A woman taken to a Dublin hospital with a suspected case of the Ebola virus has been declared free of the disease.

The woman, resident in the west of the city, was rushed by ambulance to the National Isolation Unit at the Mater Hospital.

A police escort accompanied the ambulance and roads were closed as she was rushed to the hospital after displaying symptoms of Ebola.

But Ireland’s Health Service Authority (HSE) has since announced that the woman is not at risk from the deadly virus.

The Irish Times reports on a statement from the HSE which said: “The patient was considered a low risk for the Ebola Virus but this has now been ruled out.

“All appropriate infection control procedures were taken by healthcare personnel at the hospital.

“The woman is receiving appropriate treatment at the Mater Hospital and all health protocols have been put in place.”

The statement from the HSE confirmed there are no cases of Ebola in Ireland at present.

The statement added: “There are no known cases of Ebola in Ireland presently.

“The overall risk of a case of Ebola being brought into in Ireland is low.”

“If a case is confirmed in Ireland, the primary concerns will be treatment of the patient and containing the situation.”

Tests were previously carried out for the Ebola virus in Donegal last August after a man who had been working in Sierra Leone was found dead.

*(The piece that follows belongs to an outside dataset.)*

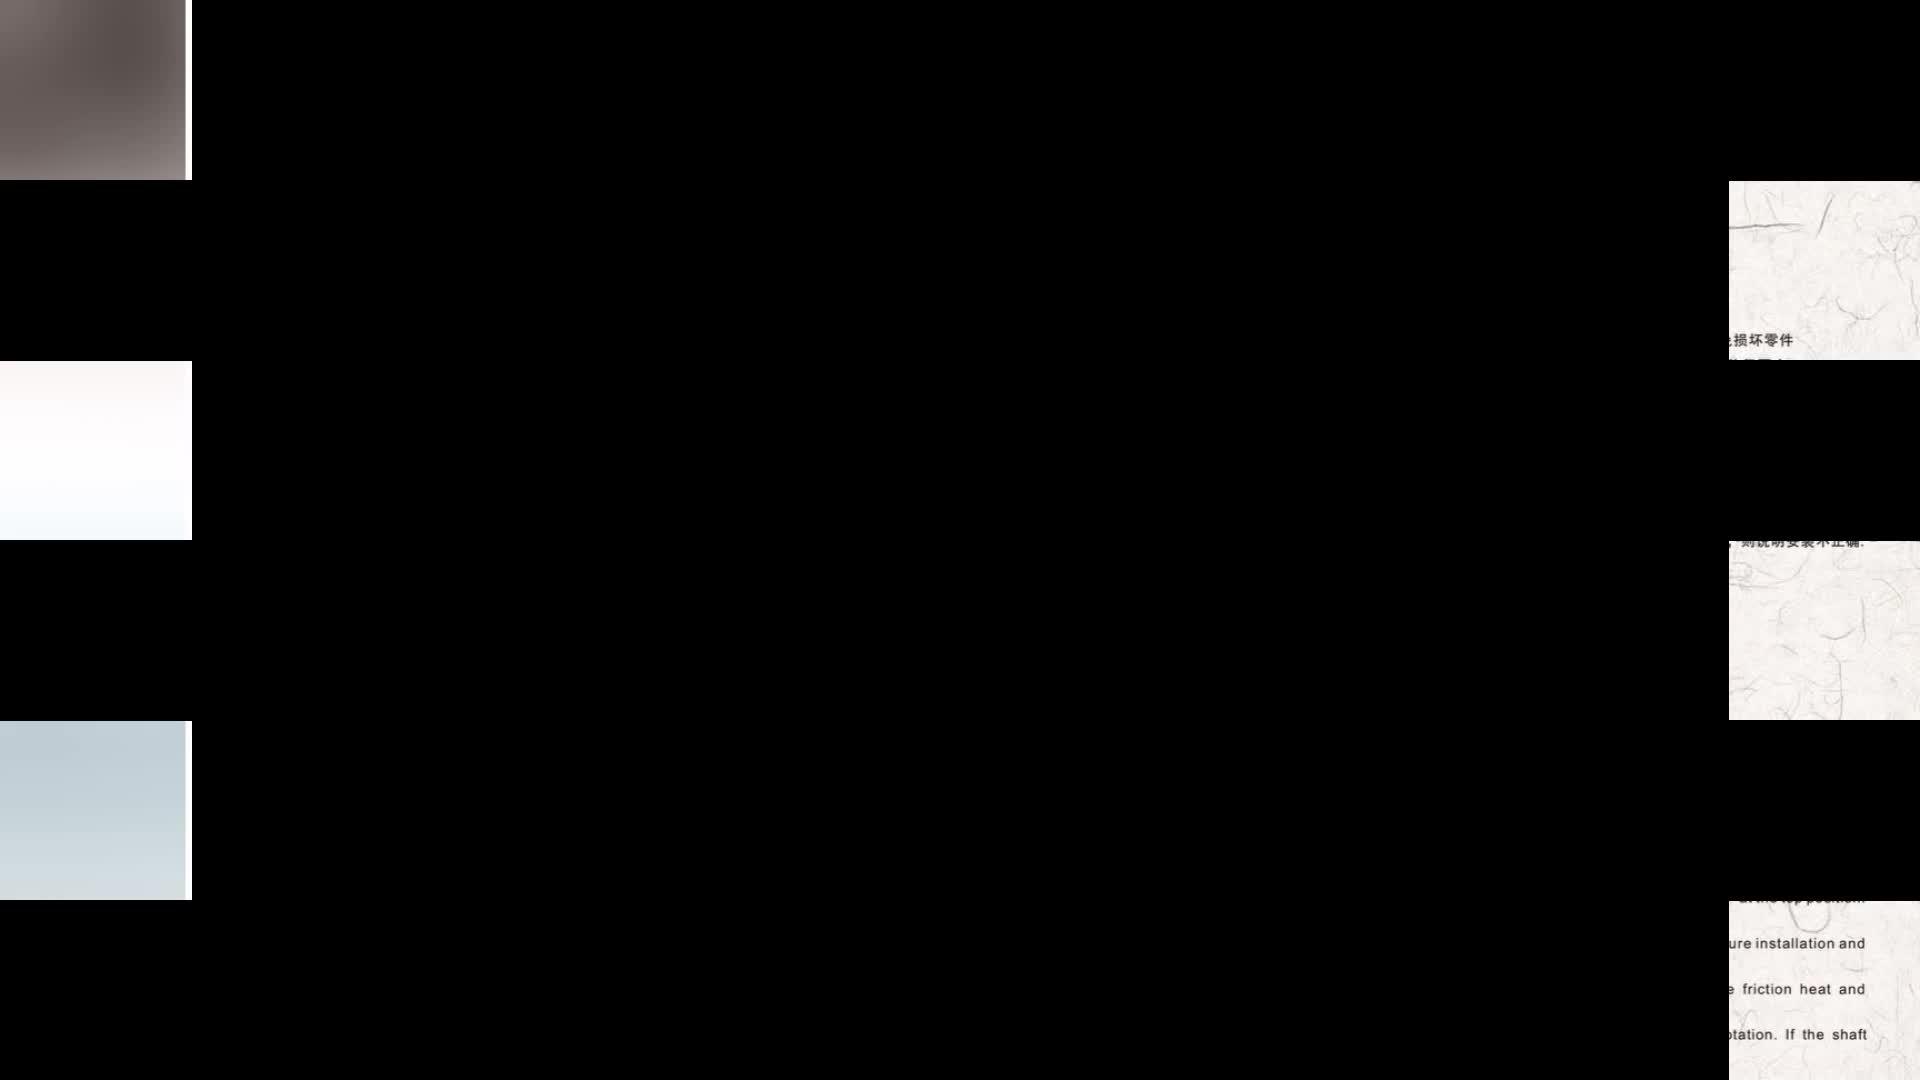 الأختام الميكانيكية كاتالغو

Dessie Quinn had been in Ireland for two weeks on holiday from Sierra Leone when his body was discovered.

However, following tests, the HSE confirmed that laboratory samples had proved negative for the Ebola virus.

Ireland’s Department of Foreign Affairs has told the Irish Times that there are fewer than 500 registered Irish citizens in the countries affected by Ebola.

There are fewer than 20 Irish citizens in Liberia and Guinea, fewer than 50 in Sierra Leone and about 400 in Nigeria.

The Department is advising people to avoid non-essential travel to Sierra Leone, Guinea, Liberia and Nigeria.